• [Assigned task] Everything in the entries below should be restated exactly, except for the pictures.
━━━━━━━━━━━━━━━━━━━━
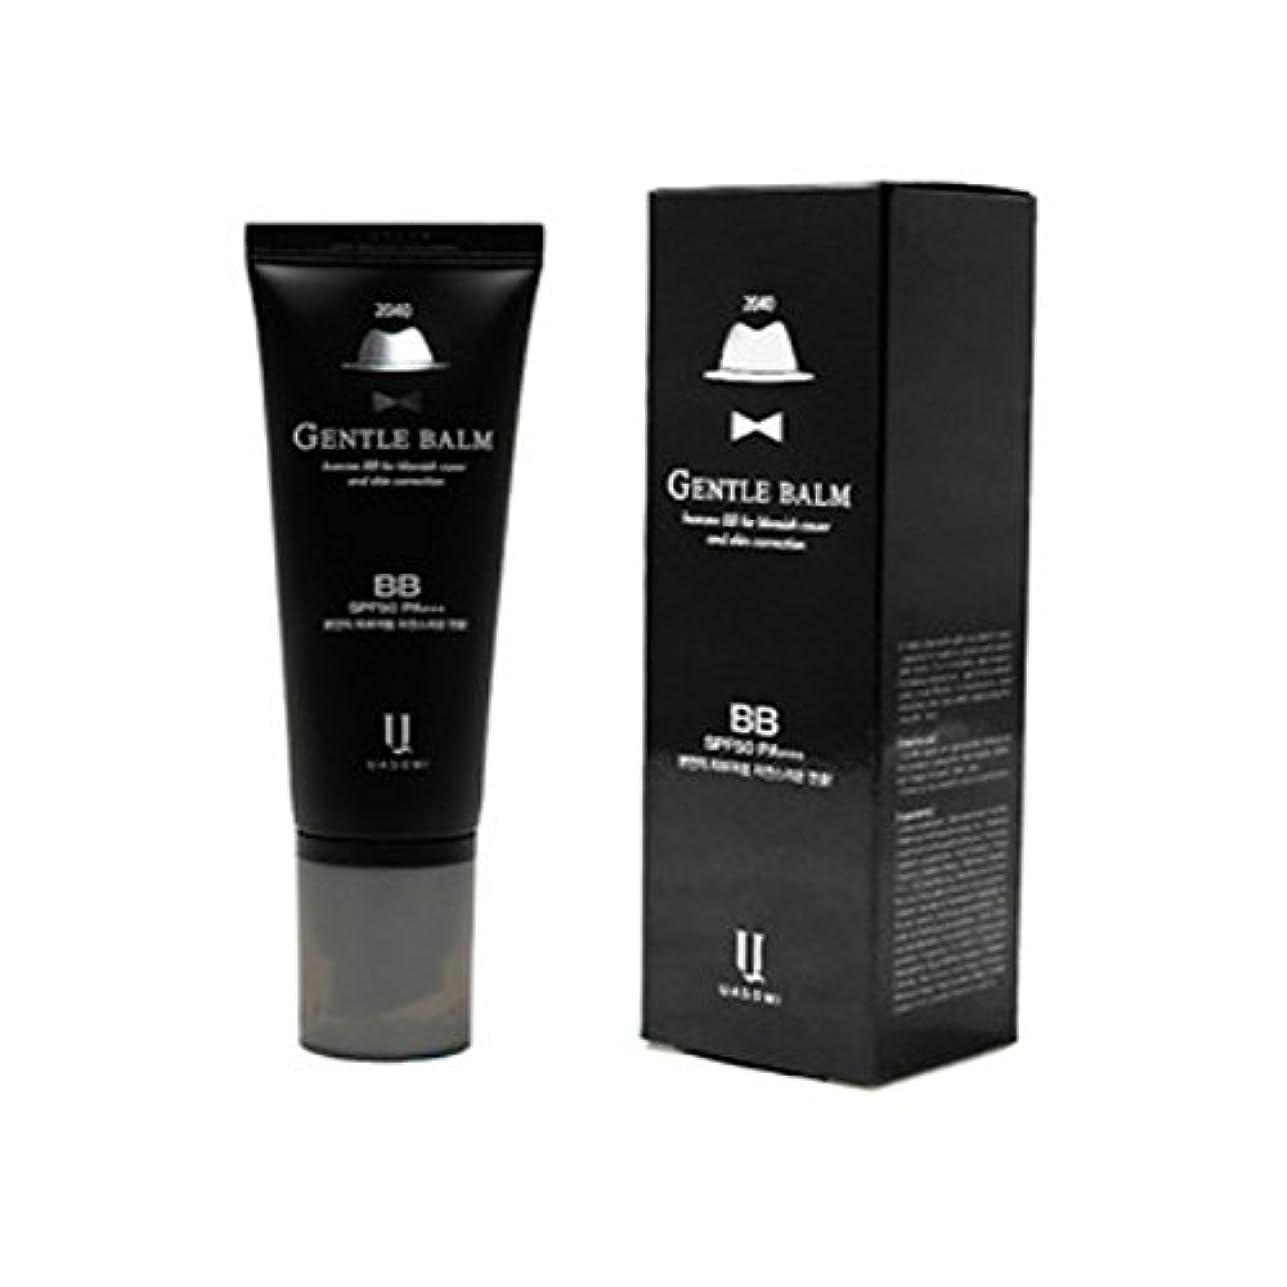 ファシズムロシアはい(男 BB クリーム 韓国 日焼け止め) homme 2040 BB for blemish cover and skin correction korea beauty Gentle bam SFP50 PA+++ (...
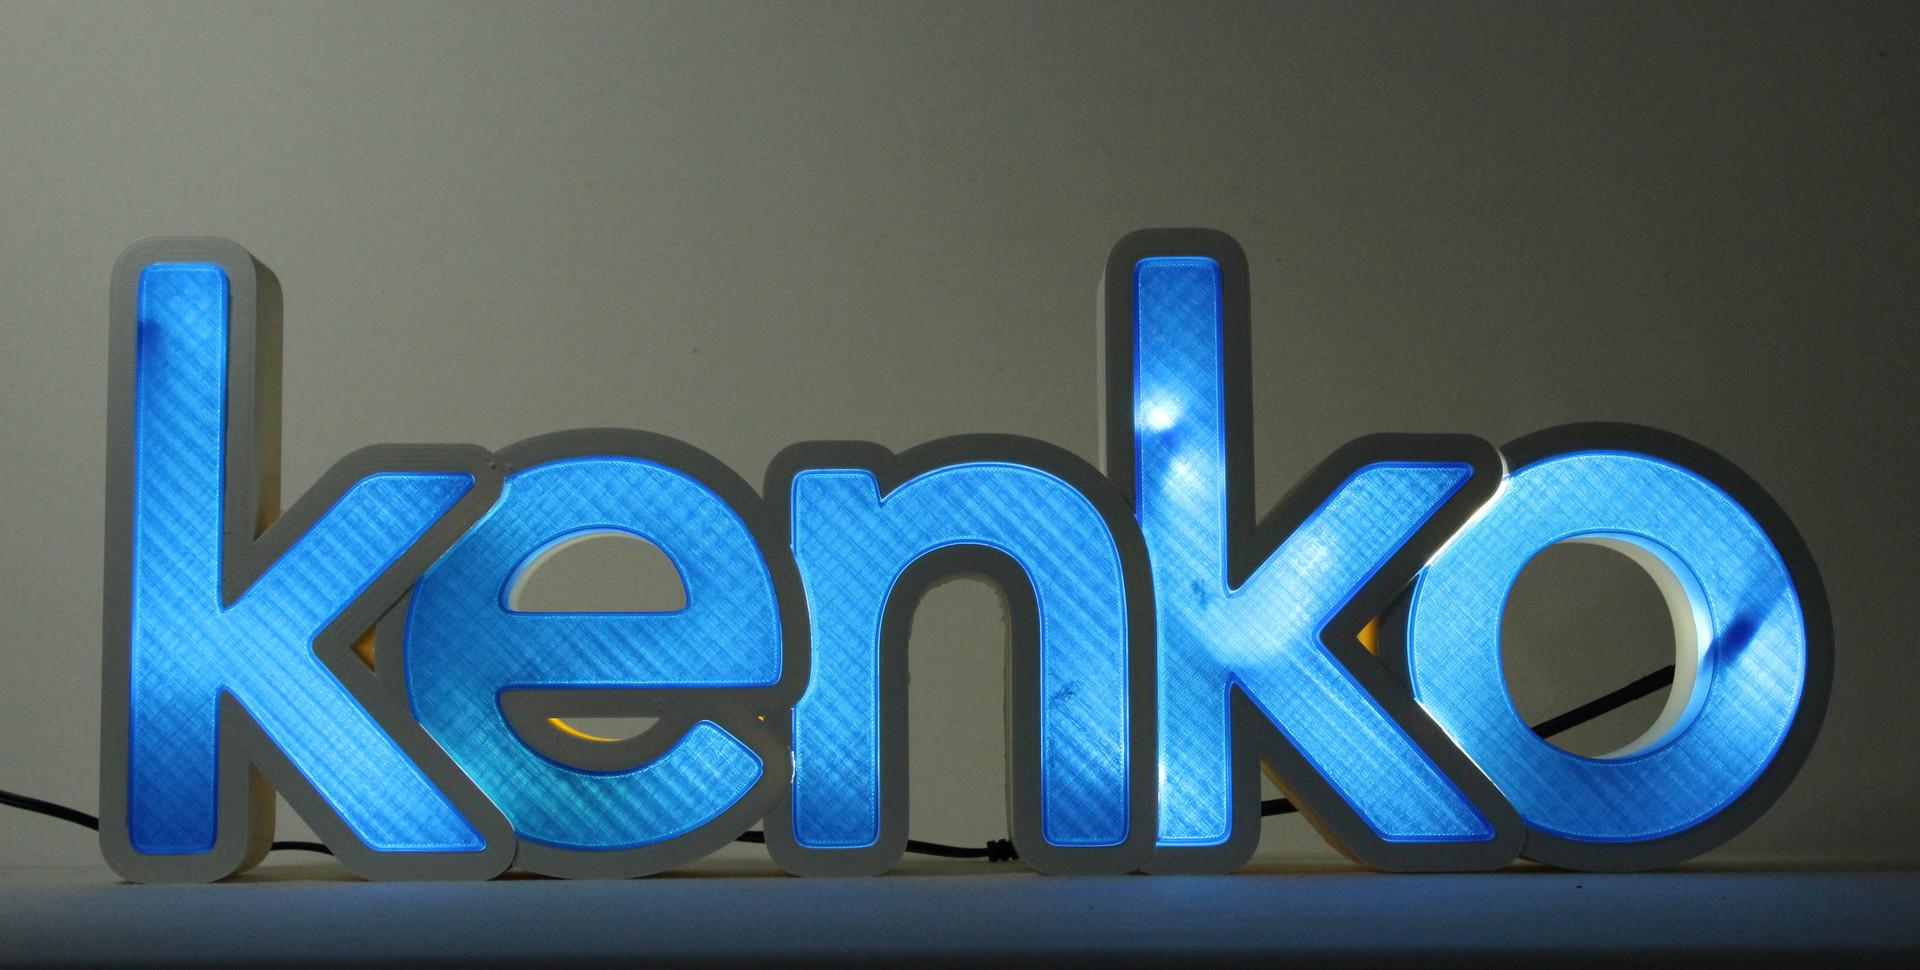 Letrero luminoso Kenko
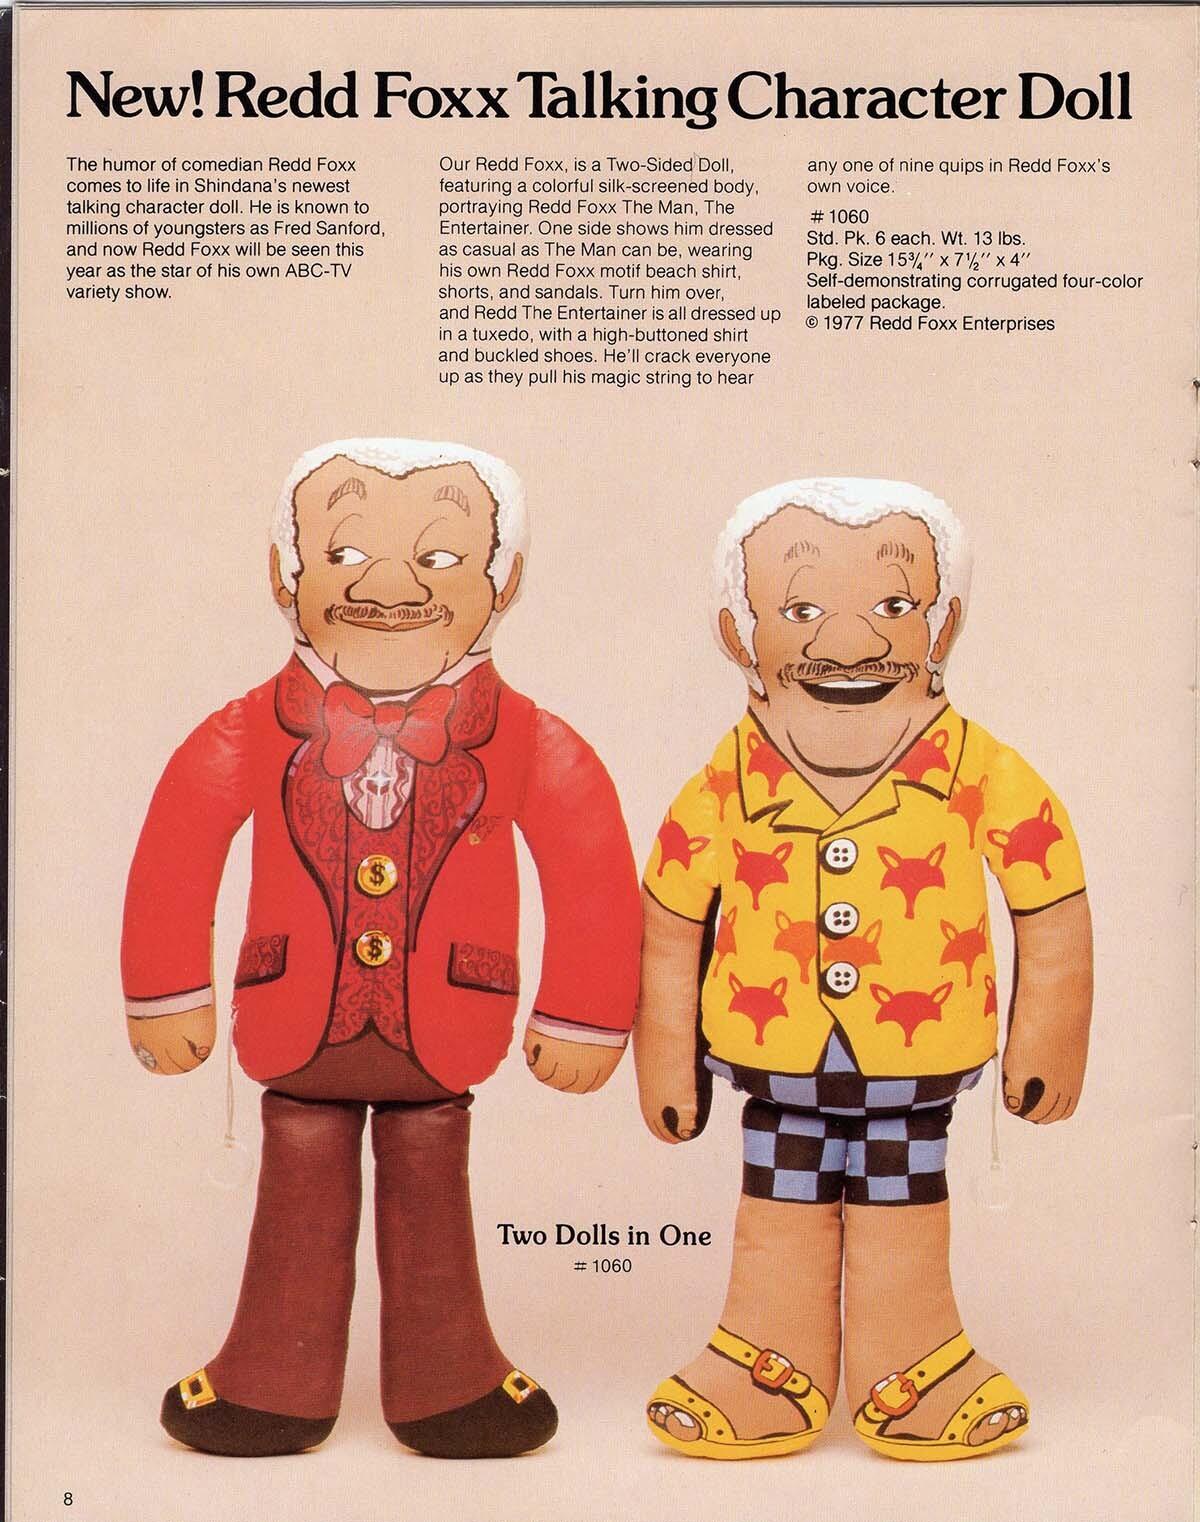 The Redd Foxx Talking Character Doll
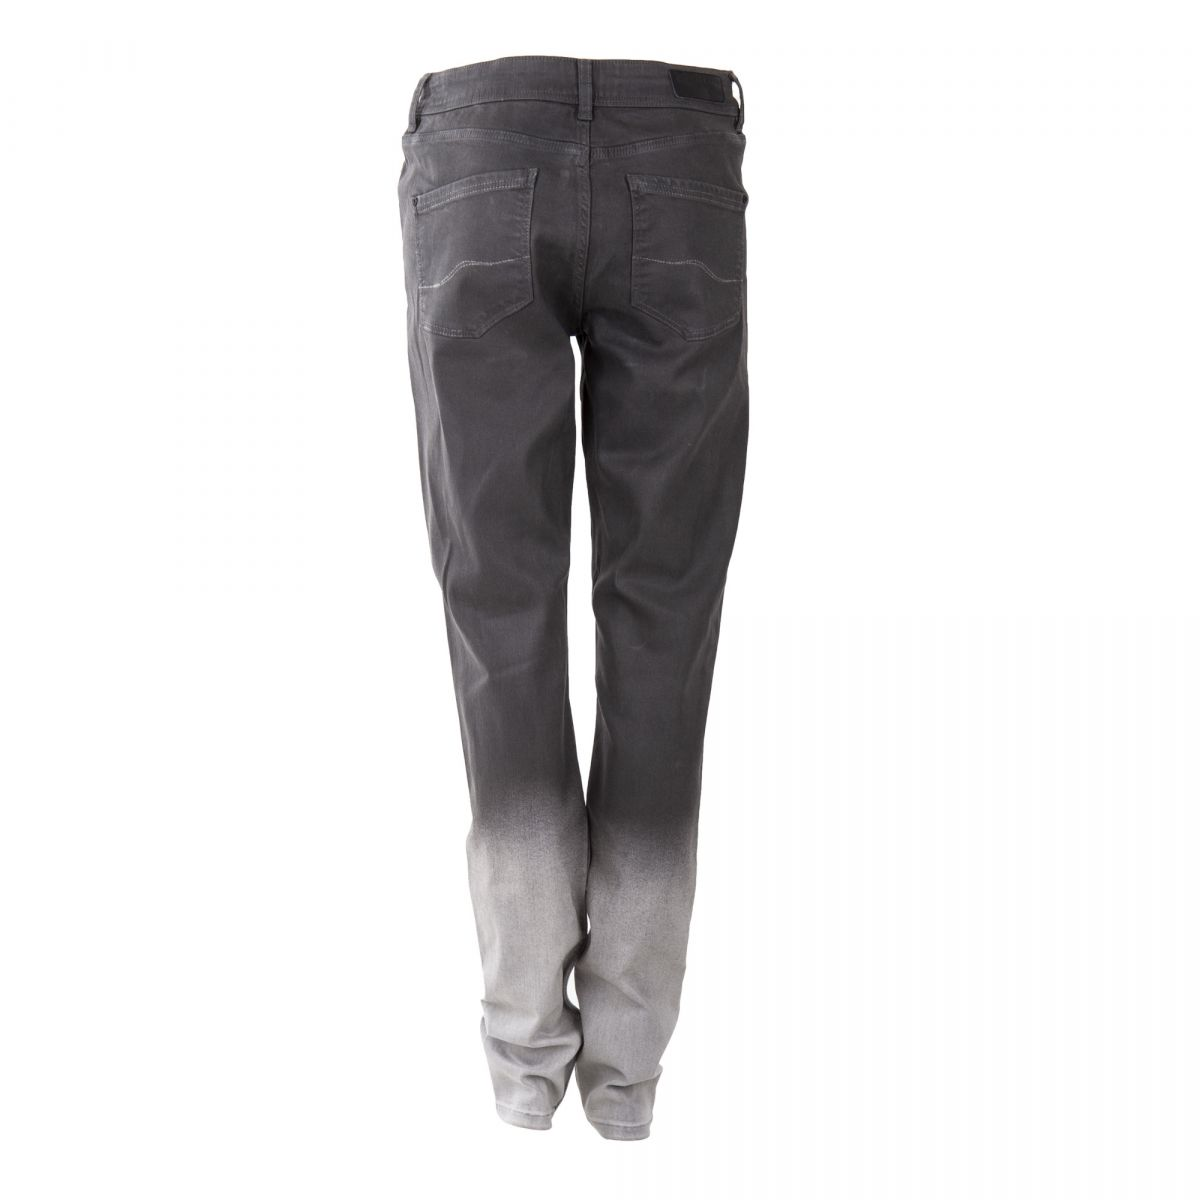 jean skinny enduit tie and dye gris femme expresso prix. Black Bedroom Furniture Sets. Home Design Ideas
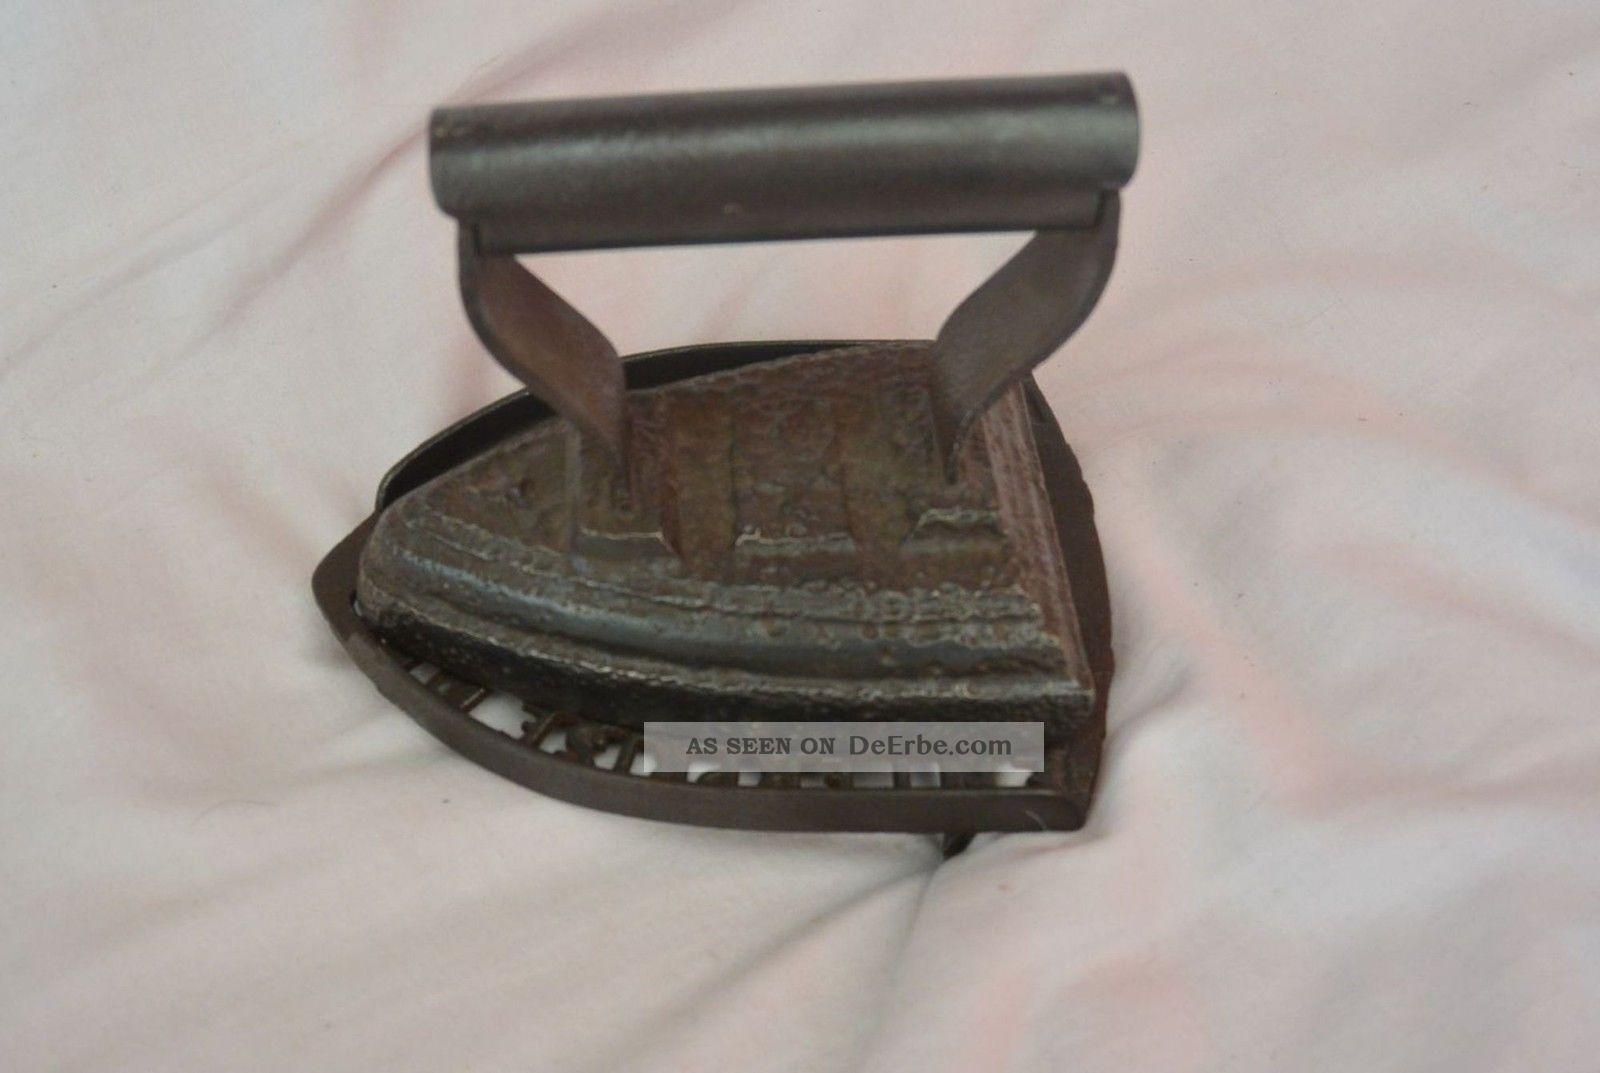 Antik Bügeleisen Gußeisern Antik Enterprise Untersetzer Mfc Co Philadelphia Haushalt Bild
━━━━━━━━━━━━━━━━━━━━
• [Response]
 ファシズムロシアはい(男 BB クリーム 韓国 日焼け止め) homme 2040 BB for blemish cover and skin correction korea beauty Gentle bam SFP50 PA+++ (...
 Letrero luminoso Kenko
 The Redd Foxx Talking Character Doll
 jean skinny enduit tie and dye gris femme expresso prix. Black Bedroom Furniture Sets. Home Design Ideas
 Antik Bügeleisen Gußeisern Antik Enterprise Untersetzer Mfc Co Philadelphia Haushalt Bild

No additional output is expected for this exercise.